Voss is a traditional district in Vestland county, Norway. The region is dominated by valleys, mountains, and lakes, located between the Sognefjord and Hardangerfjord and east of the city of Bergen. The district consists of Voss Municipality since 1964 (prior to that time it included Voss Municipality, Vossestrand Municipality, and Evanger Municipality). The largest settlement in the district is Vossavangen.

==History==
Many valuable grave finds have been made in the Voss area. In the High Middle Ages, Voss and the surrounding country formed a separate petty kingdom Vǫrsaveldi(“Vossaveldet”), which stretched from Sygnafylki to Osterøy. In the center was the village of Vossavangen where the large stone Voss Church was located. The church was built around 1270 in Gothic style, with furnishings and decorations from mainly the 17th century. East of the church is the Olavskrossen in memory of the Christianization of the people of Voss in 1023.
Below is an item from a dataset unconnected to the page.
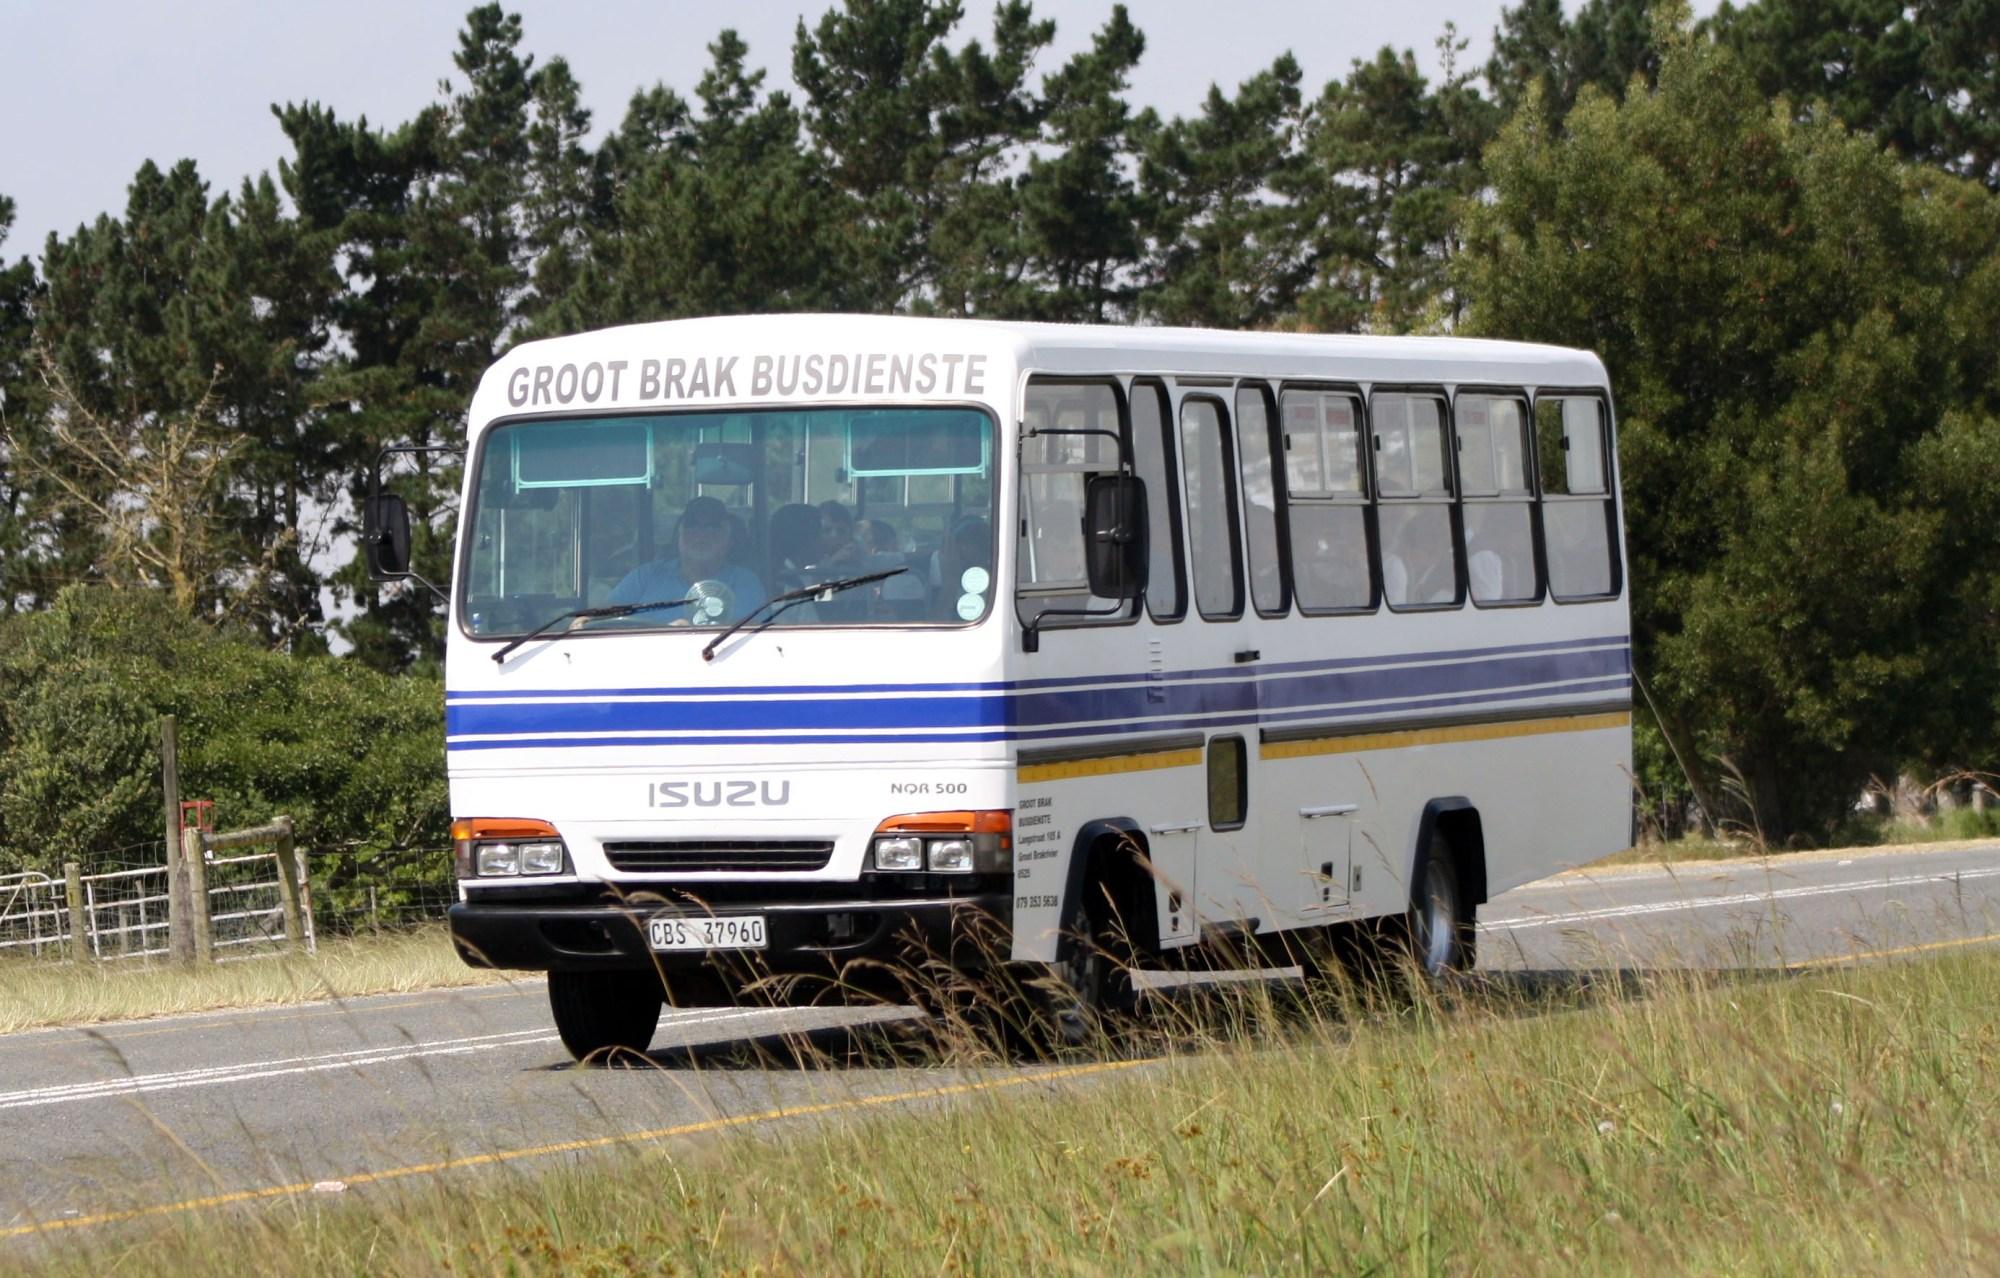 hight resolution of file groot brak busdienste isuzu nqr 500 bus 24357180393 jpg

When tourism picked up at the end of the 19th century and the Stalheim hotel was built (1885), there was a lot of tourist traffic, which was "transported" by horse and buggy between Gudvangen and the bottom of Stalheim.

==Landscape==
The bedrock in Voss belongs to the Caledonian orogeny, which consists of mica schists in the central areas around the lake Vangsvatnet and between the thrust sheets that cover the schist. Thrust sheets of gneiss, granite, and gabbro (anorthosite) form the highest parts of the municipality. The highest point is Olsskavlen at 1576 m above sea level. The mountain Blåfjell on the border with Vik Municipality in the north reaches 1548 m above sea level. The most famous mountain is Lønahorgi at 1410 m above sea level just north of Vossavangen.